Wagner then asked if the ISO would consider conducting a “harm test” at the end of each phase, as currently done by MISO, to “test how much harm a withdrawn project has caused to the other queued projects.”

Keegan responded that NYISO is not considering a harm test akin to MISO’s. “It is perhaps overly complicated, and we feel like that would make it incredibly difficult to administer, since we would end up needing a whole department to administer withdrawal penalties,” she said.

Stakeholders also expressed frustration with NYISO’s initial plan to accept only cash for study deposits, rather than allowing the use of credit.

Saad Syed, grid and interconnection manager with OW Ocean Winds, argued for flexibility, saying, “putting up much money in cash in such short intervals seems very difficult, on top of the withdrawal penalties that may occur. So, I strongly recommend using at least an ability to use letters of credit for [these deposits], since otherwise it might become untenable.”

Echoing this sentiment, Abhishek Josh Ghosh, associate director with Cypress Creek Renewables, recommended that NYISO draw insights from PJM, which allows letters of credit in its processes. “It would be nice to have some flexibility in posting these deposits,” he said.

Thinh Nguyen, NYISO senior manager of interconnection projects, acknowledged these concerns and committed to revisiting the payment options. “We are still considering whether a letter of credit is another option.

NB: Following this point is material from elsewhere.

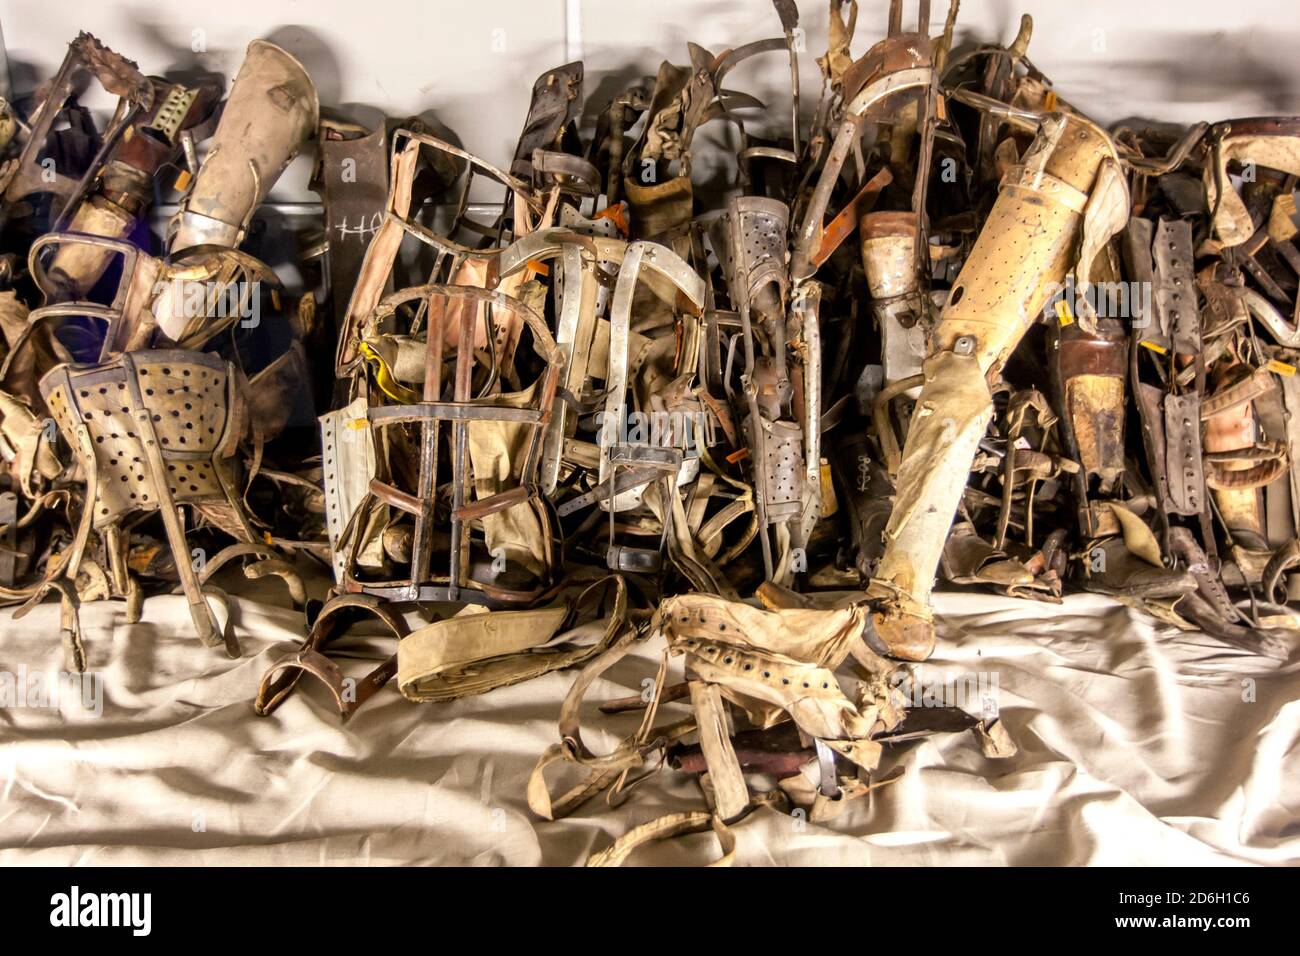 Une collection de prothèses retirées des prisonniers au musée d'État d'Auschwitz-Birkenau à Oswiecim en Pologne. Banque D'Images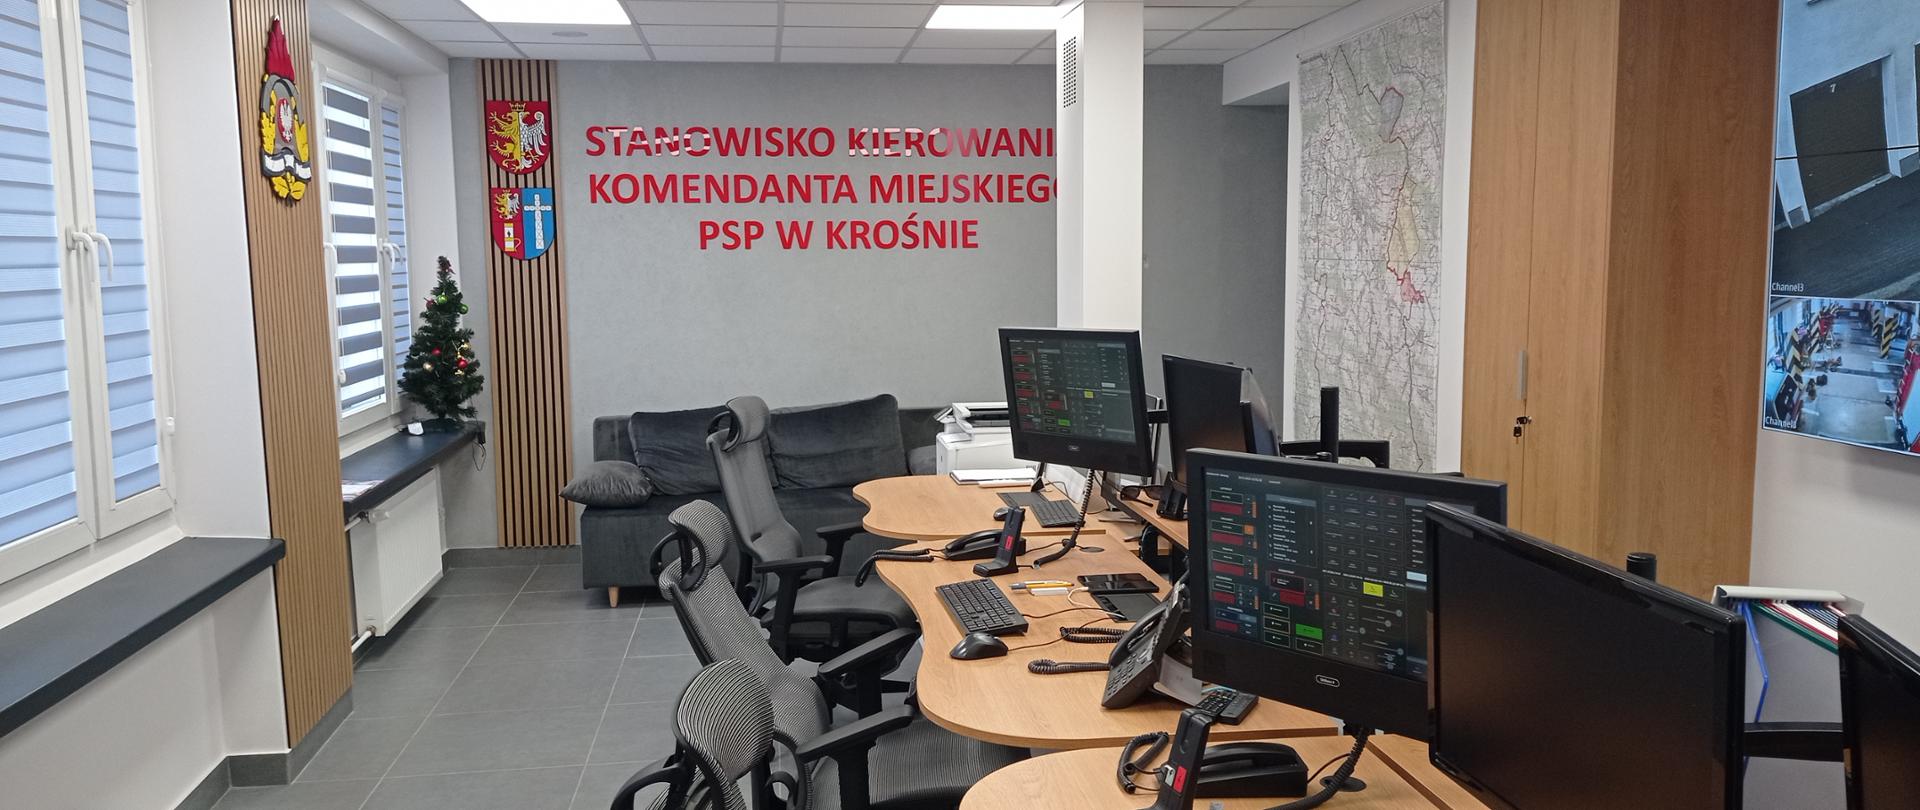 Zdjęcie przedstawia pomieszczenie stanowiska kierowania Komendanta Miejskiego PSP w Krośnie. W centrum zdjęcia znajdują się trzy stanowiska pracy dyspozytorów. Każde stanowisko wyposażone jest w fotel, dwa monitory oraz niezbędny sprzęt do alarmowania strażaków państwowej i ochotniczej straży pożarnej.

But as you are aware, when we receive letters of credit, that means we have to do some kind of credit check on that entity,” he said. “That’s why we want to make sure that whatever the process we want to use is able to support and meet the very tight defined timelines.”

FERC last month extended the Order 2023 compliance deadline from Dec. 5 to April 3, 2024. (See FERC Extends Interconnection Queue Compliance Deadline.)

Despite the extension, Keegan informed the IITF that NYISO still intends to submit a partial compliance filing by Dec. 1. (See NYISO Plans Early November Filing for Partial Order 2023 Compliance.) The IITF will reconvene Nov. 14.